One of the joys of living with cats is, every now and then, it will be your job to clean up a crime scene, dispose of (parts of, usually) a body, that sort of thing. They bring their prey home. That’s what cats do. Dogs are predators too, but only under the right circumstances. They’re mostly content to let us handle the food thing. Not cats. They are predators all the time. A well-fed, healthy cat is just a more efficient hunter, that’s all. You know all the time they’re purring in your lap or rubbing against your face they are still thinking “If I was as big as a leopard, I would totally eat you.” And they would.
So what has that got to do with the price of tea in Nepal?
I’m not sure myself, but I think it has something to do with the transformation of experience that turns everyday events into fiction. There’s a quote floating around and I don’t know who said it first, but it goes something like this: “A good writer can watch a cat stalking a mouse and then describe what it’s like to be stalked by a tiger.” I submit that this is the sort of thing we do every day, whether you’re a good writer or just want to become one. How else can you write convincingly from the viewpoint of a sentient spaceship or an alien? Odds are you’re not going to have any firsthand experience with either, but when the story calls for you to write from either viewpoint you have to do it and make it convincing, or you can kiss that particular story good-bye.
So how do you do this? Well, as the example above implies, paying attention to what goes on around you doesn’t hurt. You don’t need to be the greatest observer of humanity who ever lived to make this work for you, but we’re getting close to the heart of that “transformation of experience” I was on about above. Keep in mind, I’m not necessarily talking about the accumulation of experience—that’s a separate thing. Useful, sure. You can probably write convincingly about the operation and life within a sixteenth century star fort with no more experience of one than reading about it in a good history, though personal accounts written about people who lived and fought in them would definitely be a plus. Even so, for the telling detail there’s nothing like visiting an extant example, like the Castillo in St. Augustine. Stand on the ramparts. See what a sentry of the time would have seen. Feel the confines of the barracks and powder magazine, look out through the gunports.

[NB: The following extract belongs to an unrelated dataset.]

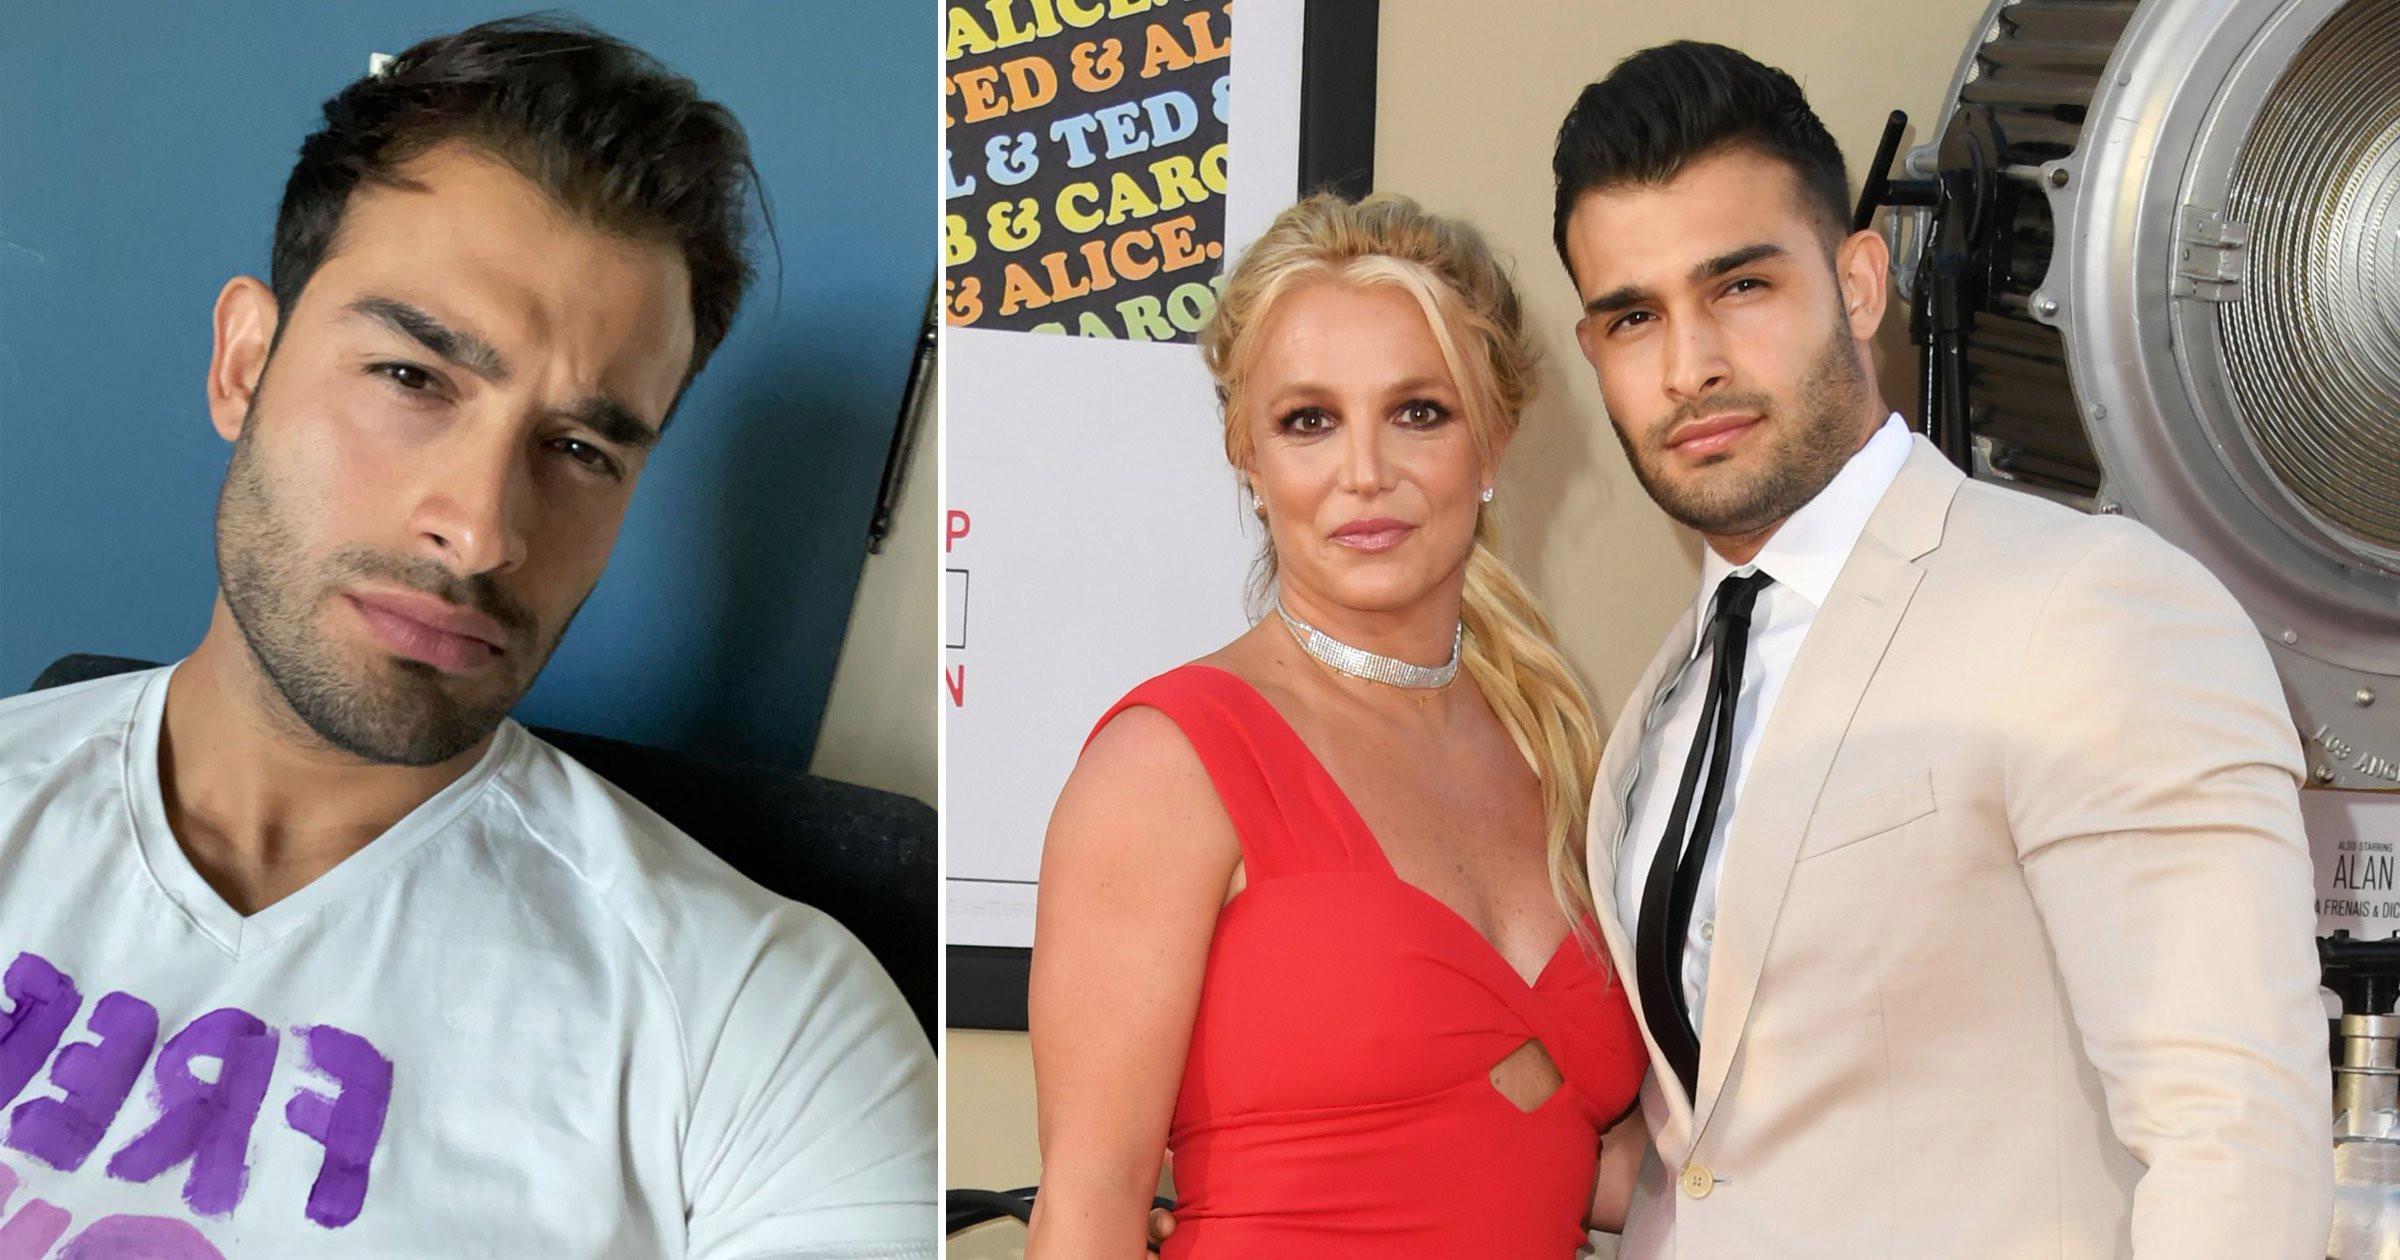 Britney Spears' boyfriend Sam Asghari wears #FreeBritney shirt ahead of conservatorship court hearing

Okay, so much for the obvious stuff. In order to transform experience, regardless of how it is acquired, into vivid and engrossing fiction, you need one more thing, without which most of the rest doesn’t matter—empathy. I’d go so far as to say that without at least a touch of empathy, your characters are never going to be anything more than plot devices. If you want them to come alive, for you and especially for the reader, you need empathy. Why?
For one simple reason—you are that character, whoever or whatever it is, even if they are based on another person entirely, and without empathy, you simply cannot make that transition from “you” to “them.” There’s a great deal of mystery floating about around this idea. “My characters talk to me” or “They feel like old friends” or “I know that scene didn’t work because X would never do such a thing” and so forth. Sounds almost mystical, but it really isn’t. It’s just empathy at work. Can you imagine what it feels to be that mouse stalked by that cat? Put yourself in its place? Then you can write about the frightened little girl trying to evade the tiger. It’s not so much of a stretch as it appears. To inhabit a character and write them well and accurately, you have to be able to see the world through their eyes, even if the character is nothing like you. Your experiences, passed through the prism of another person’s point of view, emotions, and perspective to become something else, part of someone else. Even though, really, that someone else is you. Except not. Exactly.
Actually, that’s about as mystical as it gets.